Mike's breath was almost invisible. Almost imperceptibly his chest rose and fell. Rose and fell.
Margaret held her hand on it. She couldn't feel it, but knew that deep inside was a heart holding on to the last impulses of life, even though Mike himself had gone somewhere else. Or maybe there was still a small sliver of him in there, maybe he could still feel. So she kept her hand on his chest. To see him off.
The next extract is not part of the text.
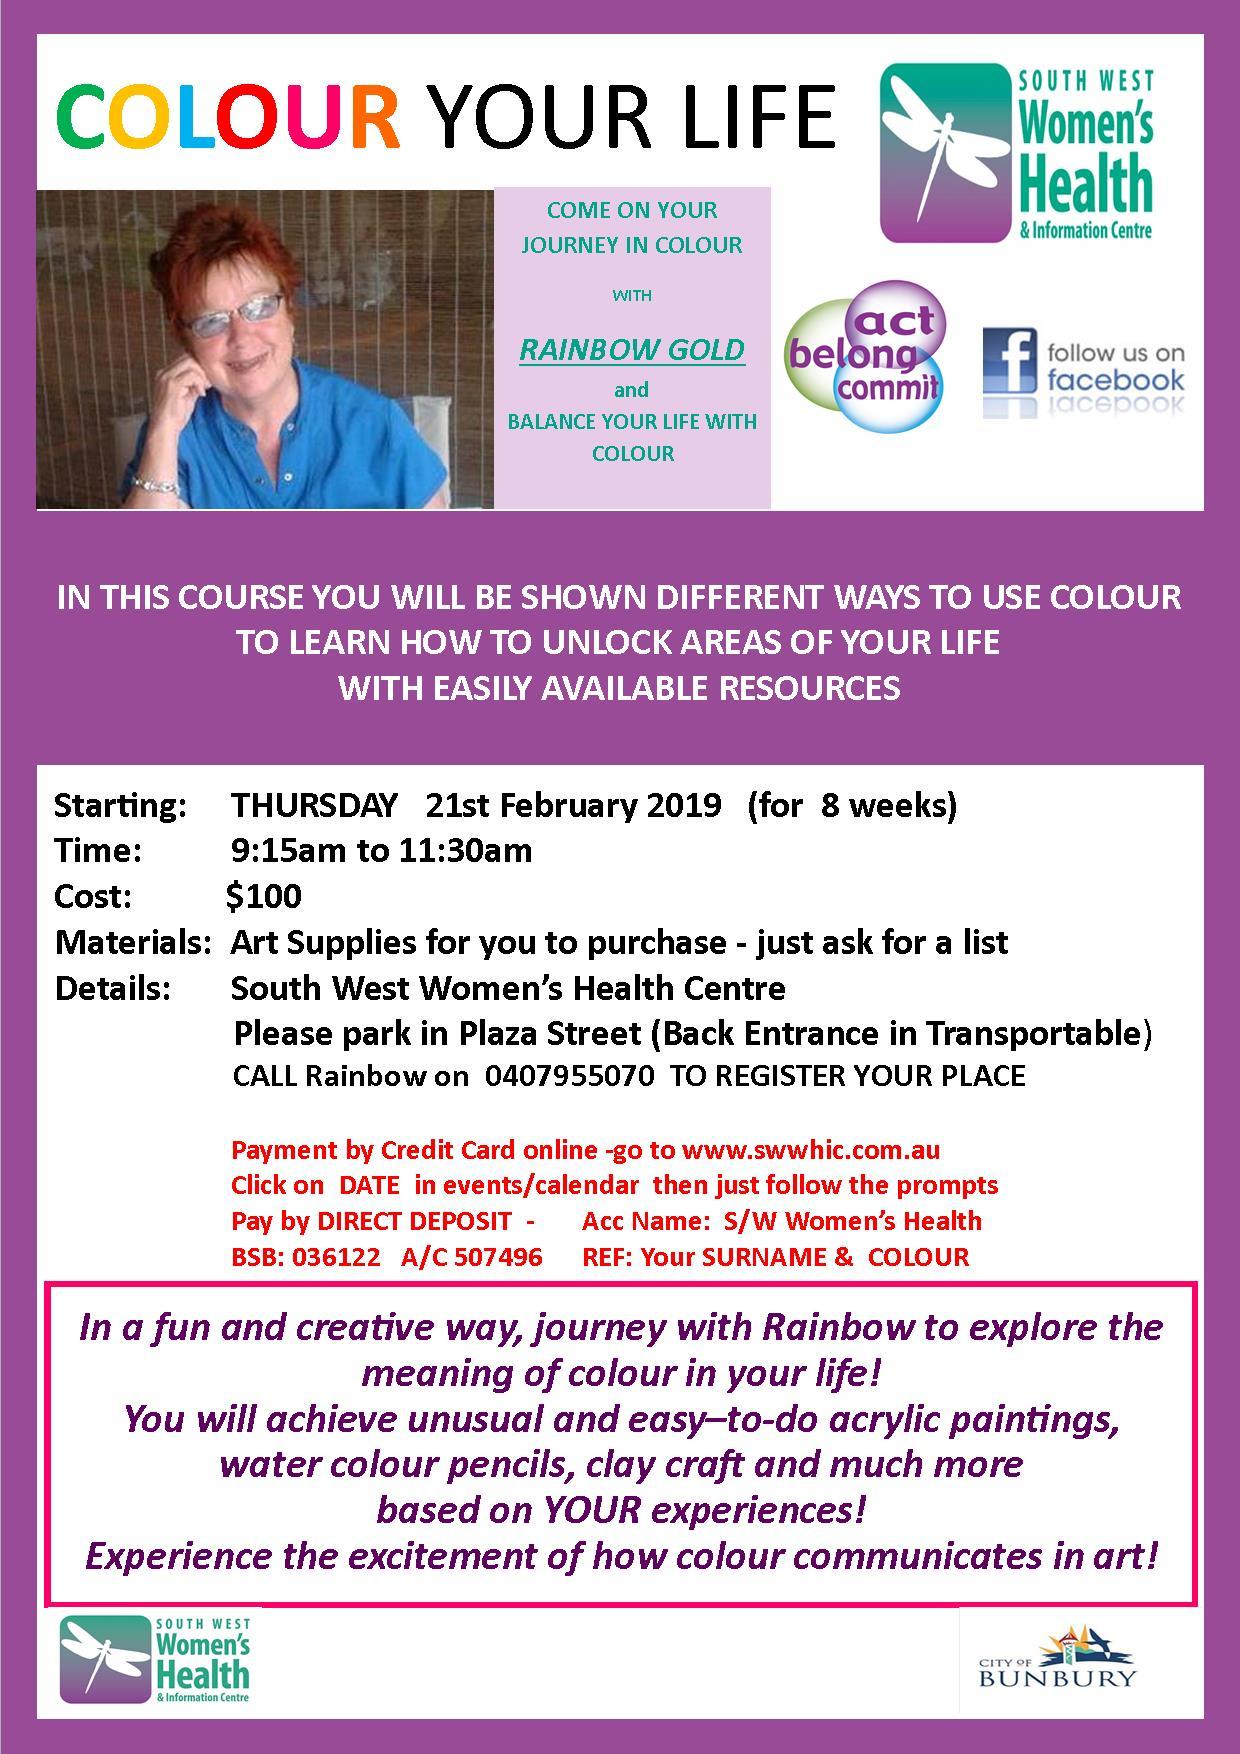 Colour Your Life Art Class Flyer

It had been a long time since he spoke. Before his voice started to wind down there had been flames of memories. Igniting, burning brightly, and fading. A family trip to the beach. The scent of molasses cookies baking in his grandmother's kitchen. The State Fair where he first kissed the girl who was now his fiancée. She had tasted like cotton candy. The sound of rain in the chestnut tree outside his bedroom. The early morning only a couple of days ago when he stood guard over his sleeping comrades out on patrol, and a deer came walking in the stillness. So close to him that he could see the breath coming out of its nose in the chilly morning air, the muscles of its hind twitching.
Small glimpses of a life.
They lived inside Margaret now, and she would keep them safe. Keep them safe for Mike.
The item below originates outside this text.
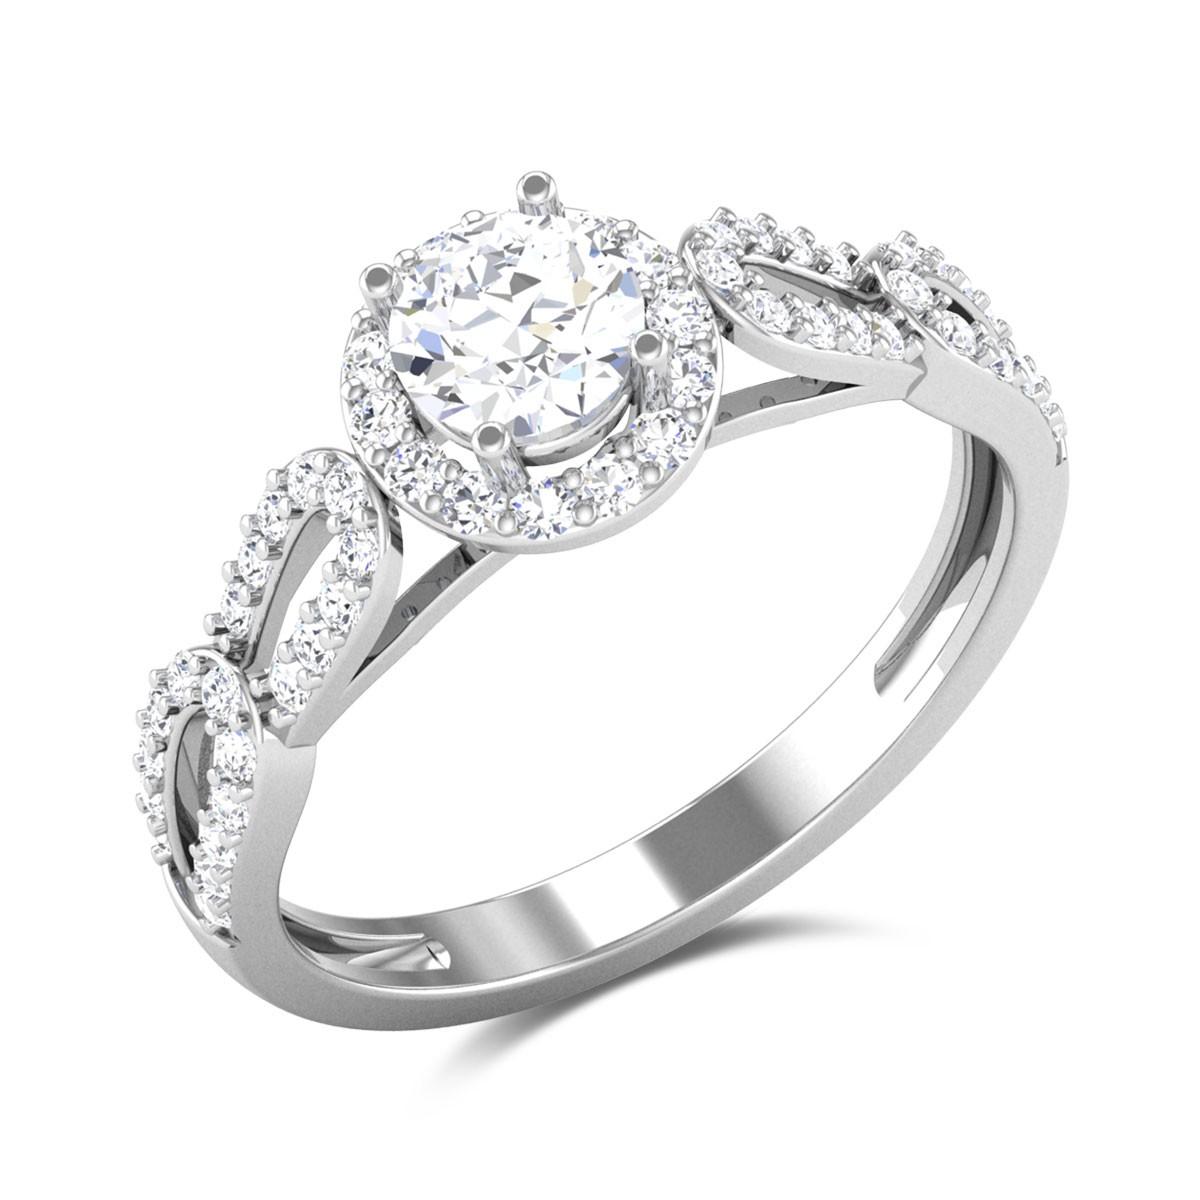 Sitara Solitaire Ring

"I'm tired," he had mumbled.
"I know. You should get some sleep."
"I'll see you in my dreams." His lips hardly moved anymore.
Then there was silence.
His chest rose and fell. Rose and fell. Margaret reached her other hand out to stroke his hair.
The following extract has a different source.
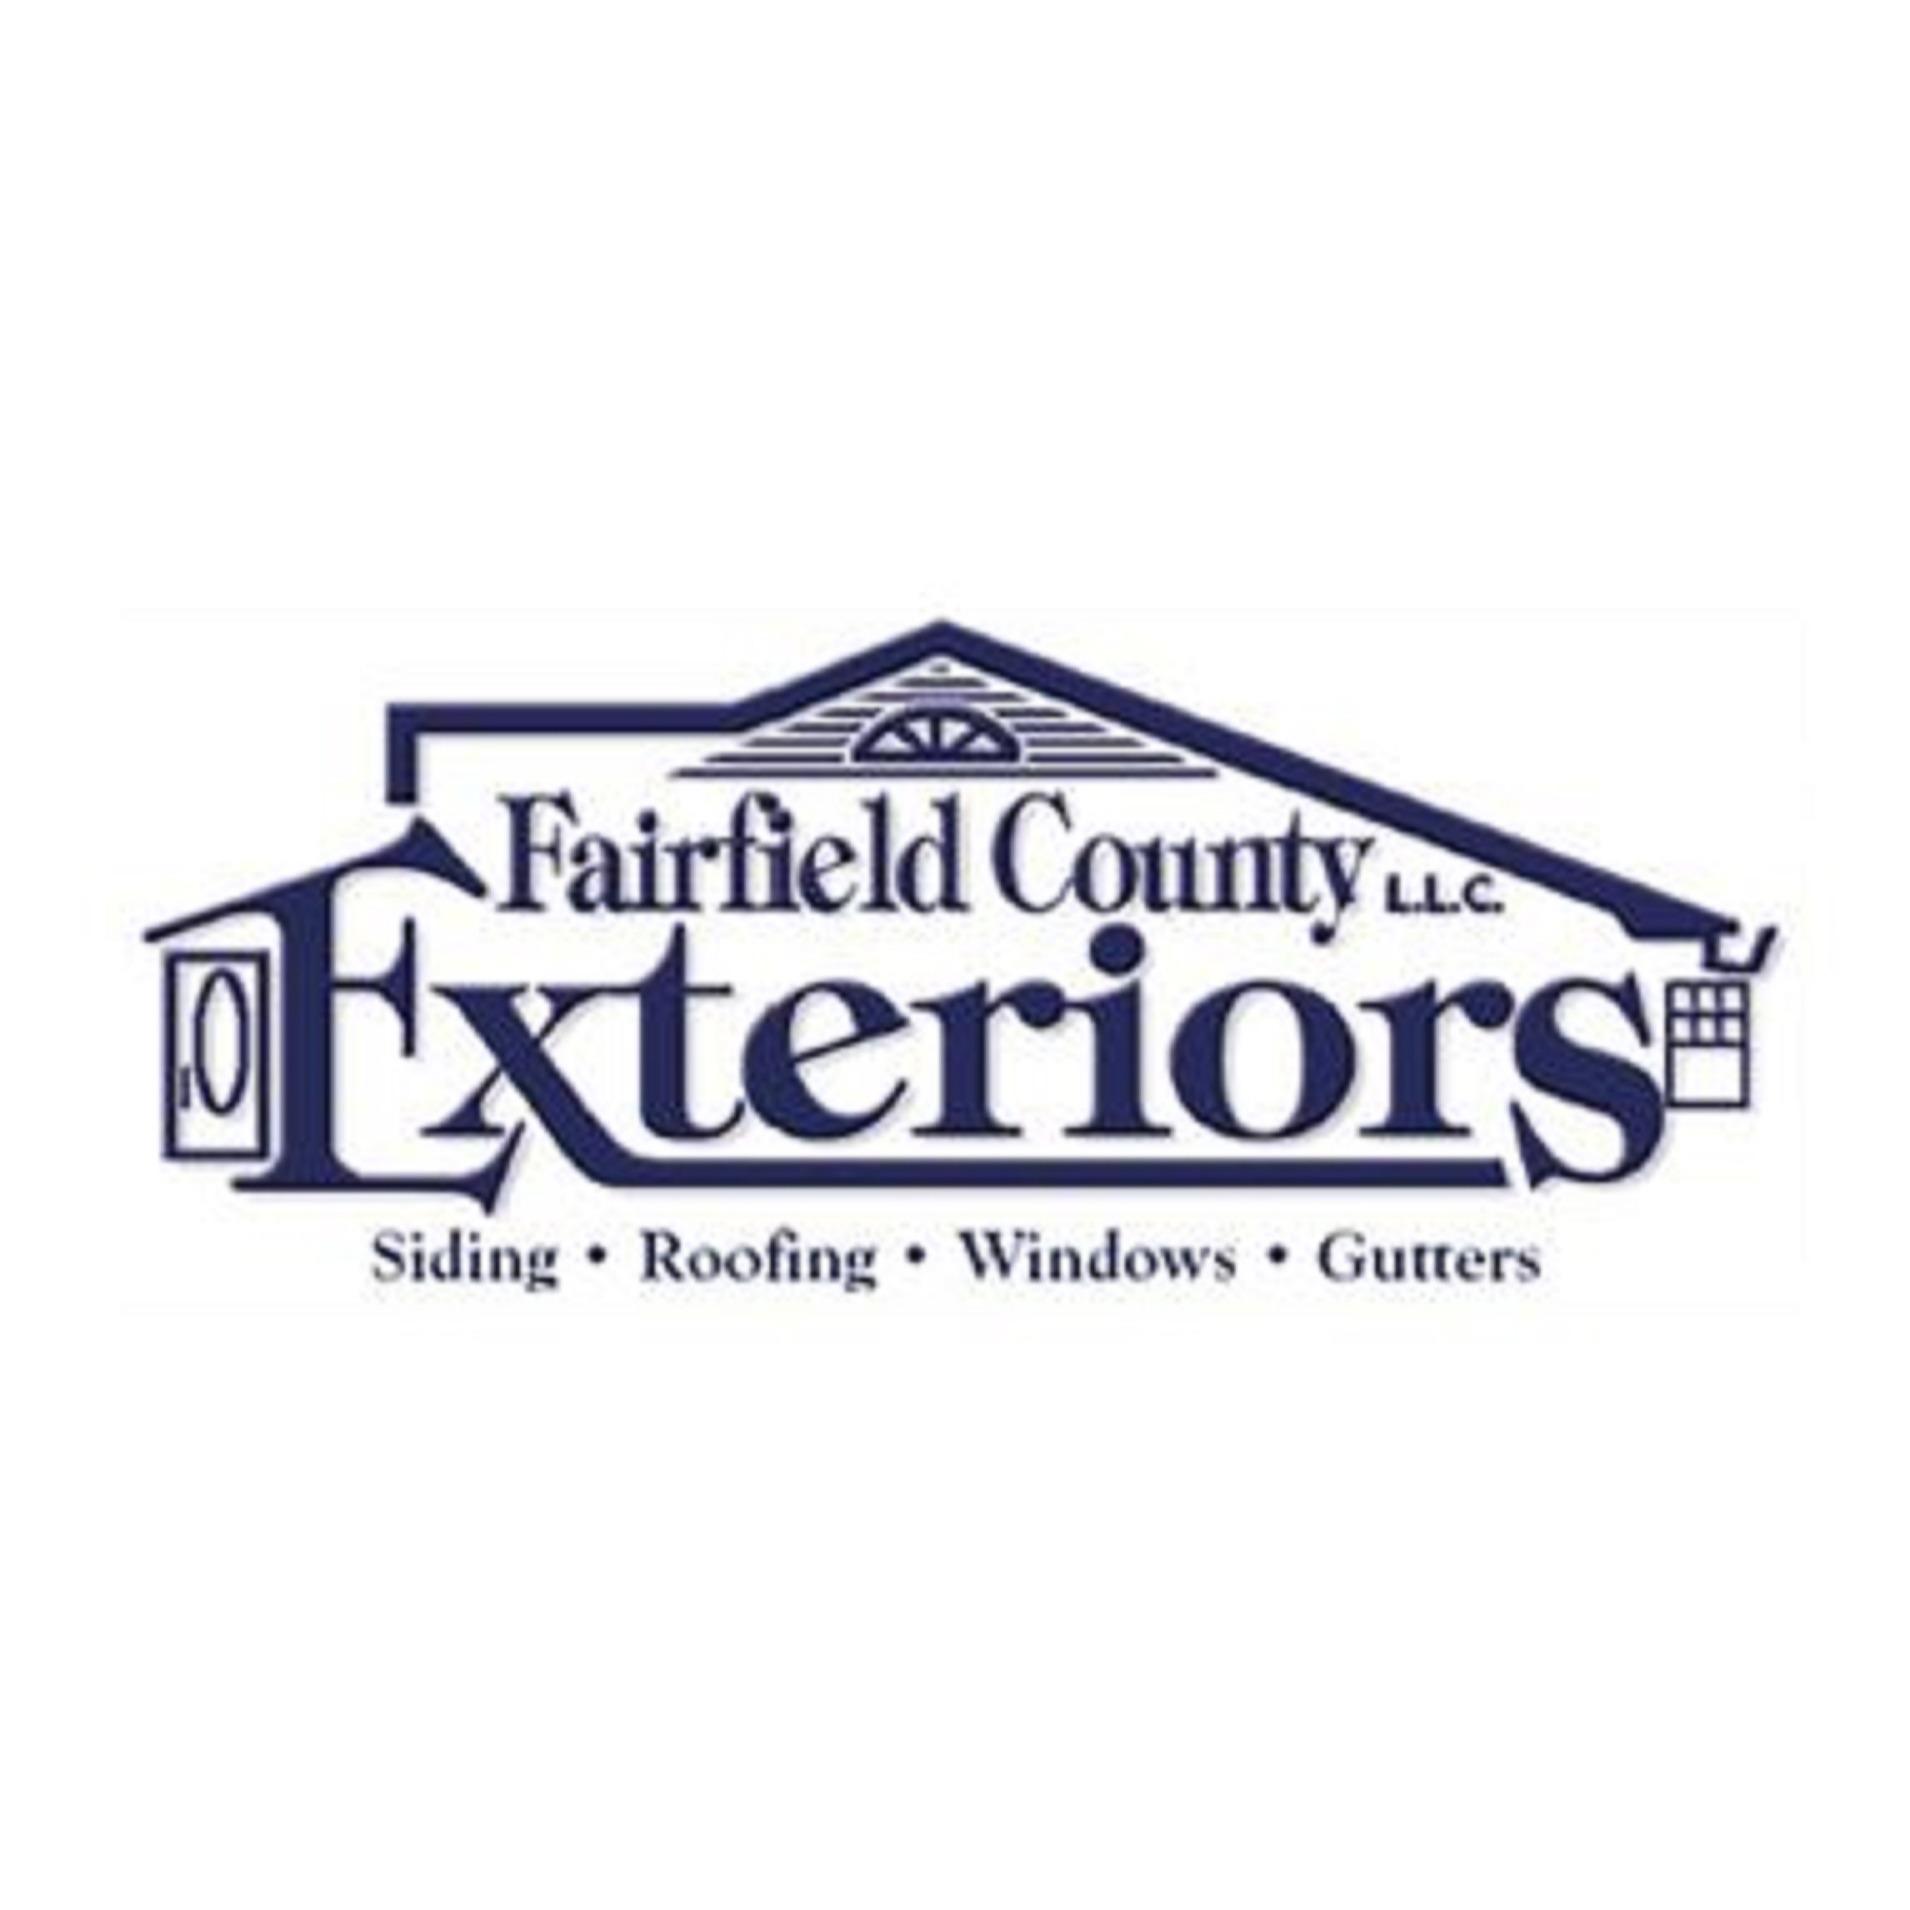 Fairfield County Exteriors Logo

Behind them, someone opened the door and stepped inside, and with them, they took the smell of burning garbage. Garbage burning day, and they wanted to get an early start, as usual.
Why couldn't anything in this place ever be dignified? Pristine. Why couldn't Mike's last breaths be filled with the scent of molasses cookies, his ears filled with the sound of rain?
His chest rose and fell. Rose and fell. And then it didn't rise again.
Margaret held her own breath and put two fingers against Mike's neck. Then his wrist. Nothing.
She exhaled and let her hand rest against his chest again.
"I'll see you in my dreams too, Mike," she whispered.
She looked up at BJ where he sat at the desk, bent over some papers. She tried to find her voice to call him over, but all that came out was a sigh. Or maybe it was a moan. Maybe it was the last tiny spark of Mike, traveling up from his stubborn, beautiful heart, up through his chest, through her hand, and out through her mouth. Maybe that's how it worked between the dead and those who were there to see them off.
BJ must have felt it, somehow, because he looked up and met her eyes. She nodded. He nodded too, got up, and made his way over to them. To her, it was only her now.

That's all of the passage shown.